Task objective:
Everything in the data below except the pictures must be repeated word for word.

Supplied data:
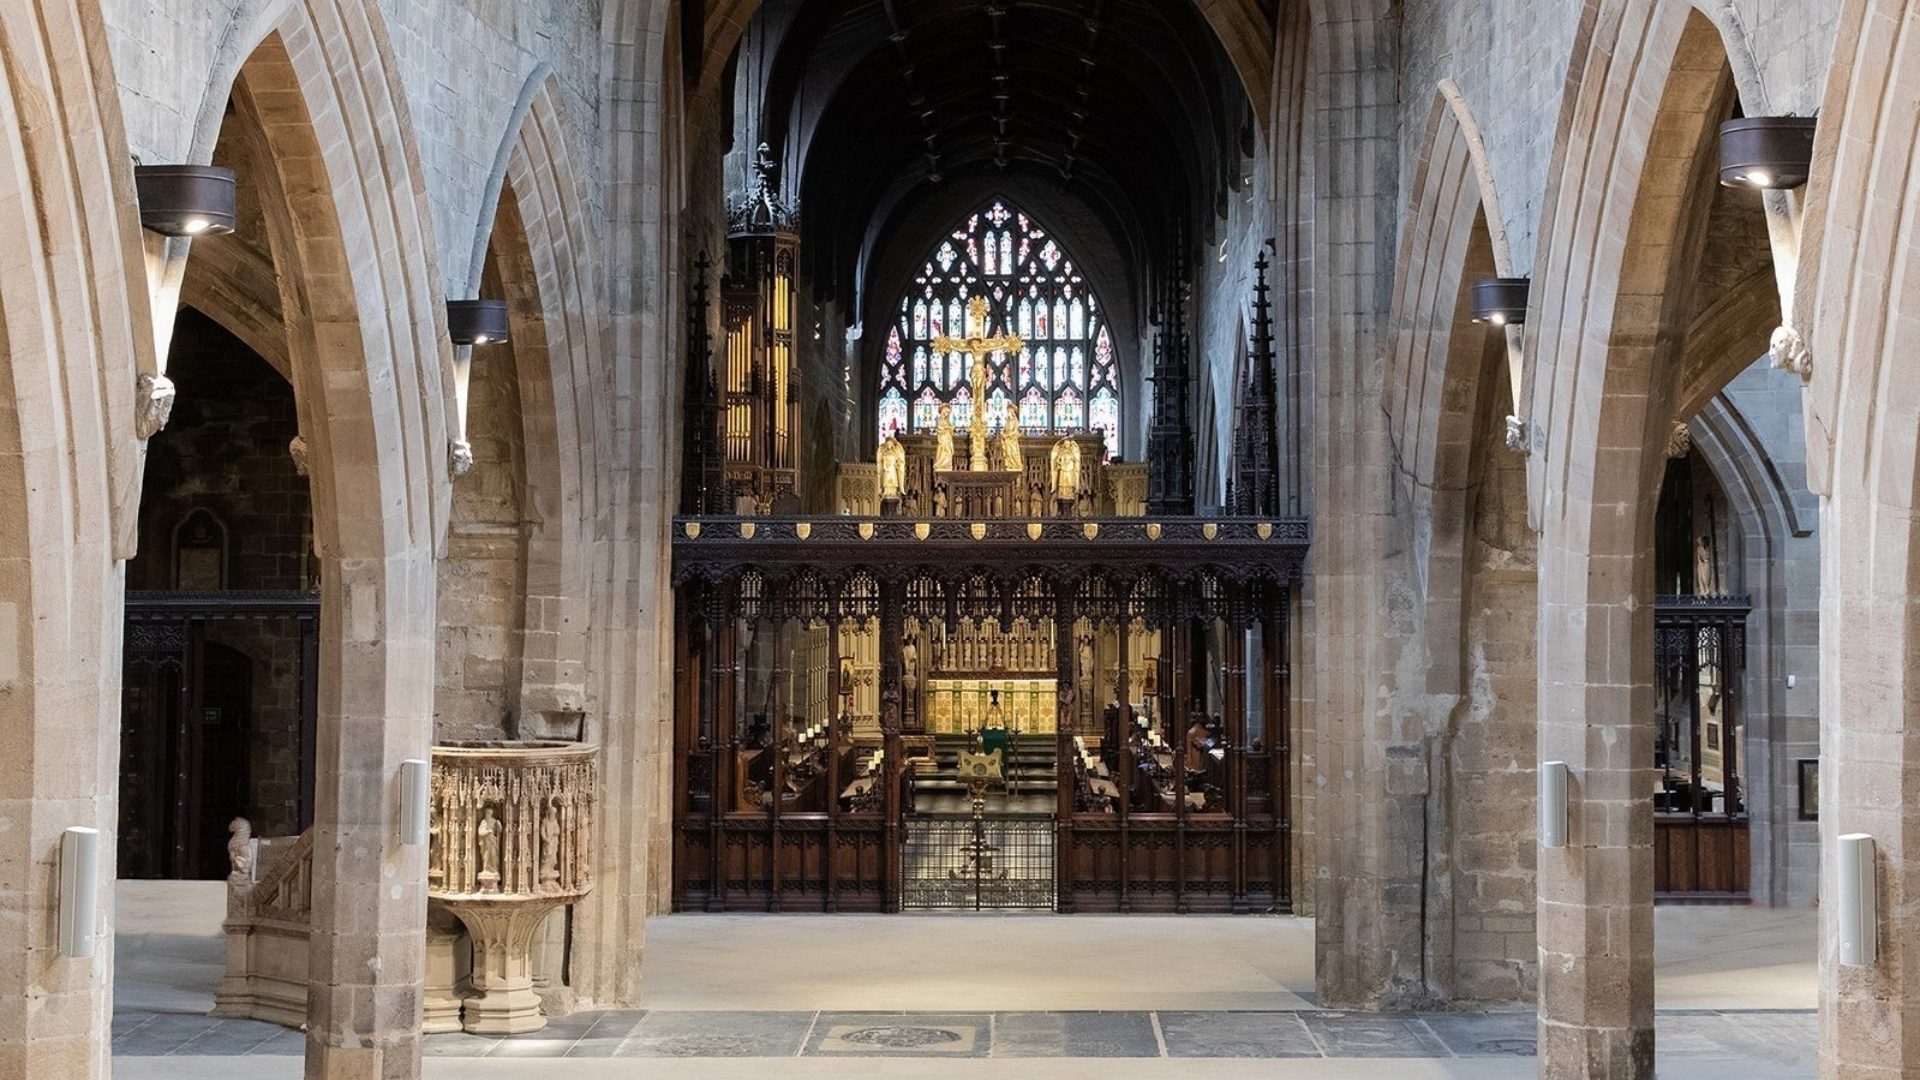 The transformed Nave Newcastle Cathedral
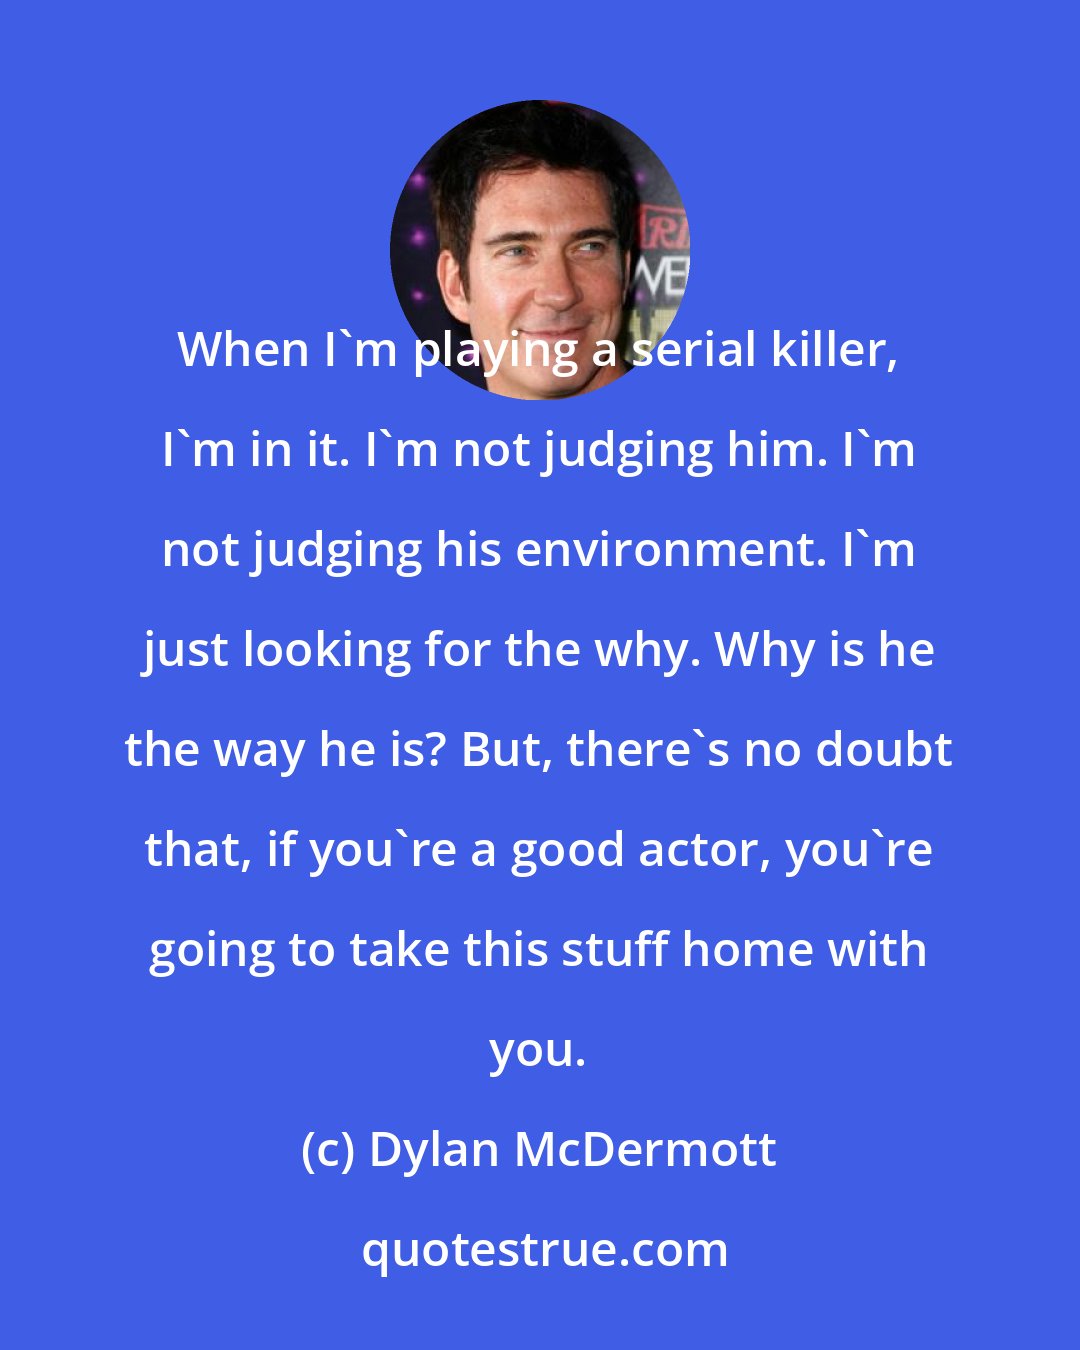 Dylan McDermott: When I'm playing a serial killer, I'm in it. I'm not judging him. I'm not judging his environment. I'm just looking for the why. Why is he the way he is? But, there's no doubt that, if you're a good actor, you're going to take this stuff home with you.
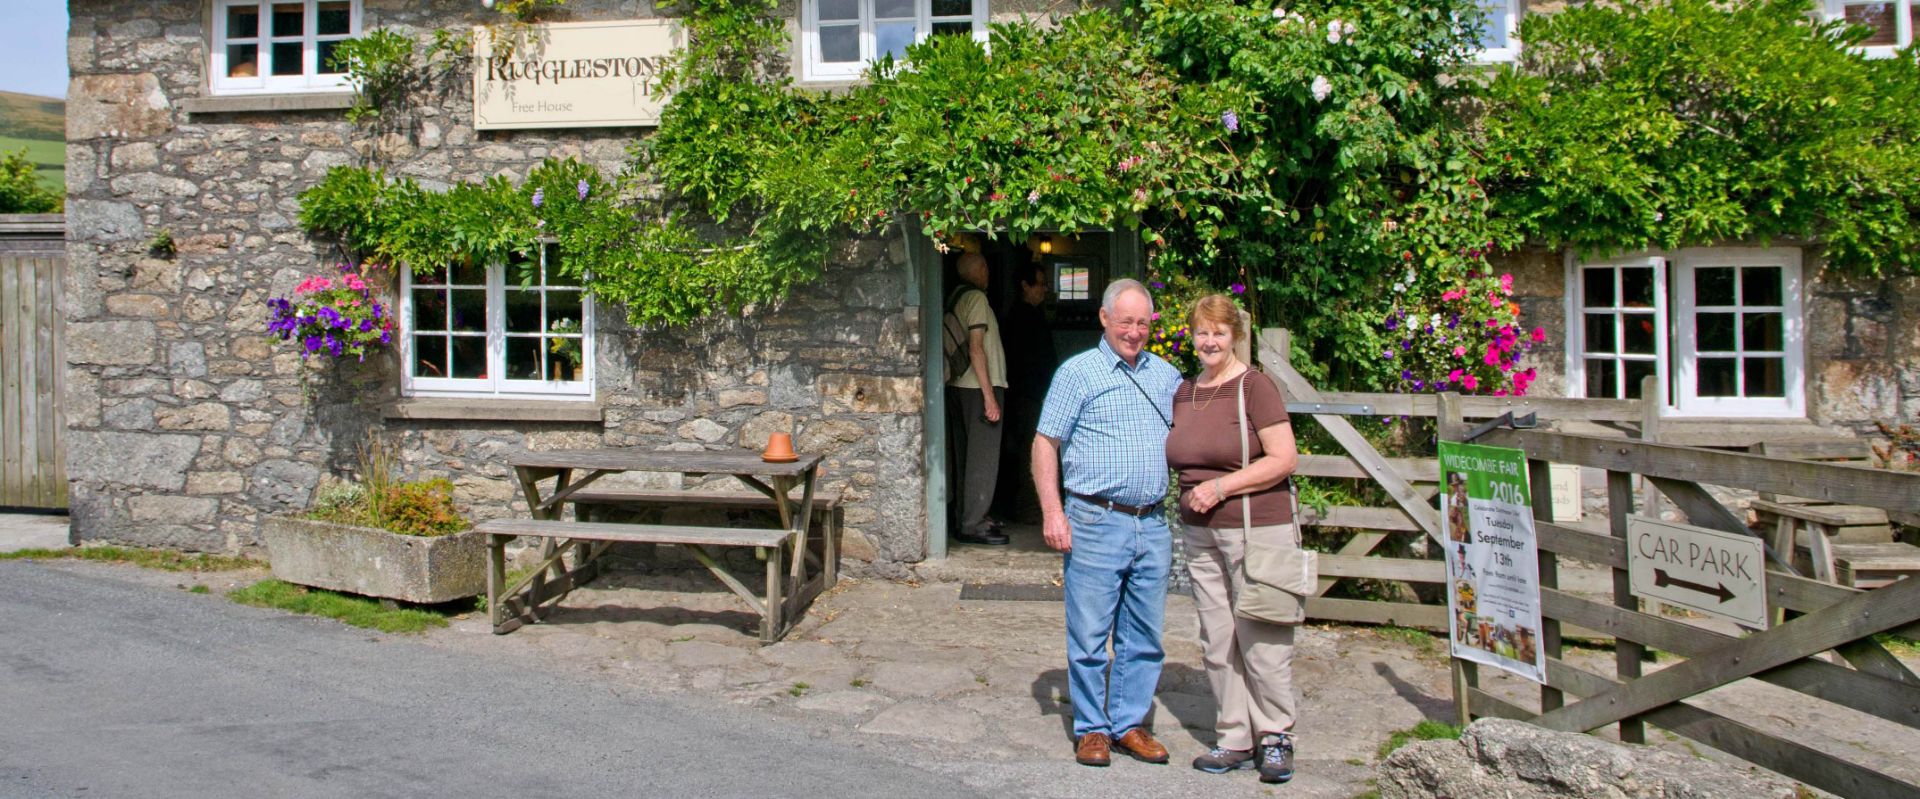 Guests outside The Rugglestone Inn at Widecombe
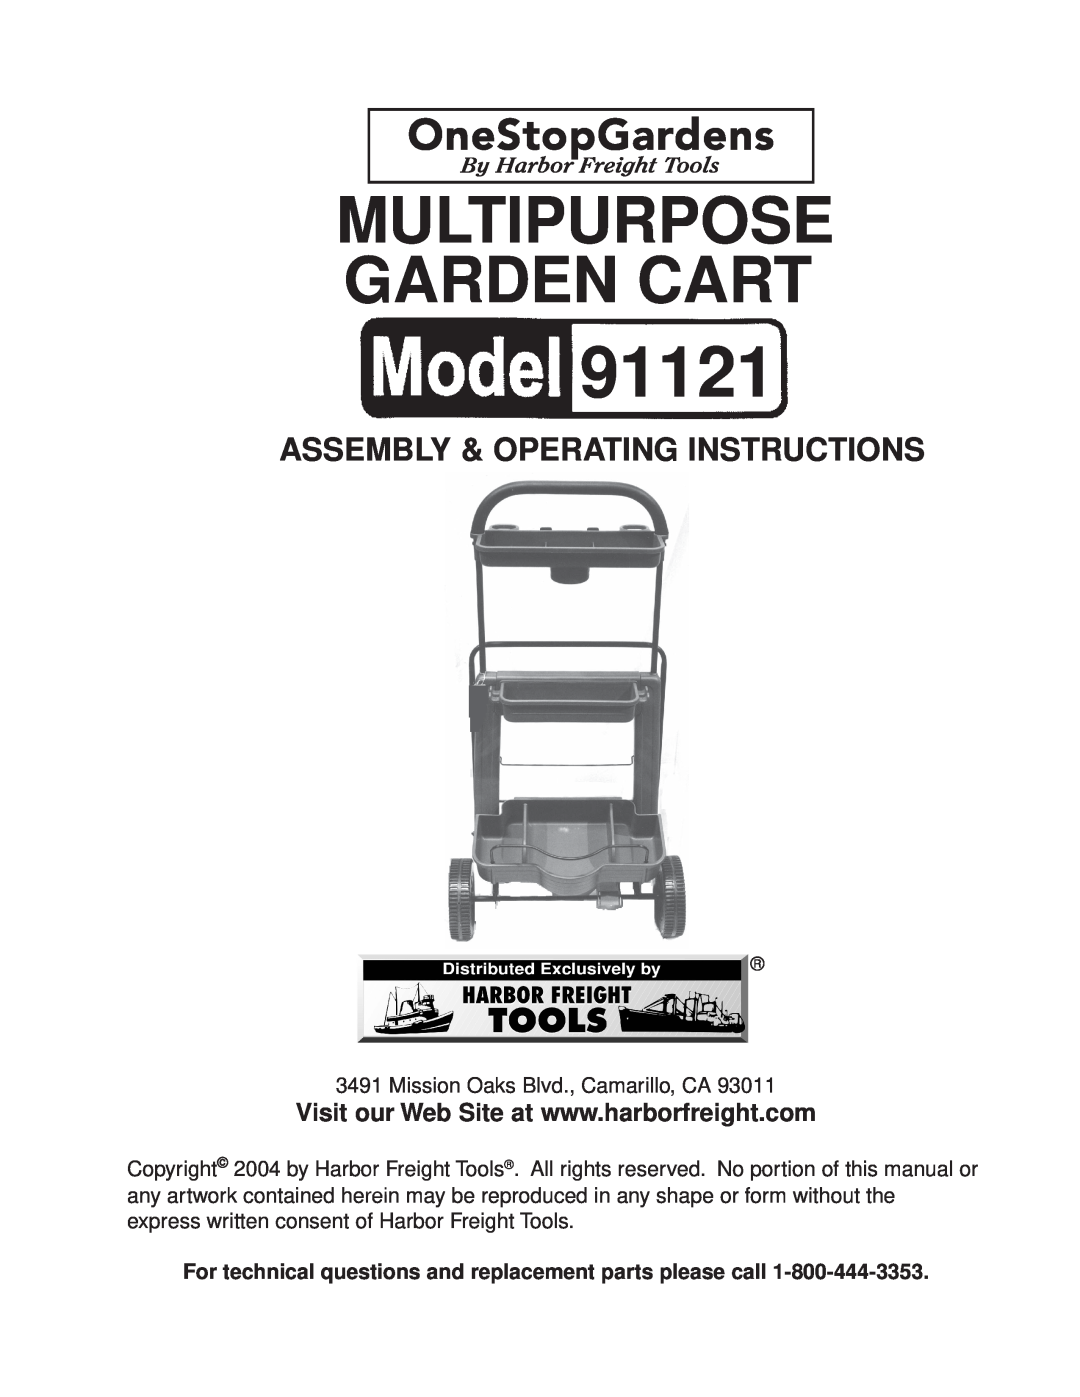 Harbor Freight Tools 91121 manual Multipurpose Garden Cart, Assembly & Operating Instructions

Expected output:
 The transformed Nave Newcastle Cathedral
 Dylan McDermott: When I'm playing a serial killer, I'm in it. I'm not judging him. I'm not judging his environment. I'm just looking for the why. Why is he the way he is? But, there's no doubt that, if you're a good actor, you're going to take this stuff home with you.
 Guests outside The Rugglestone Inn at Widecombe
 Harbor Freight Tools 91121 manual Multipurpose Garden Cart, Assembly & Operating Instructions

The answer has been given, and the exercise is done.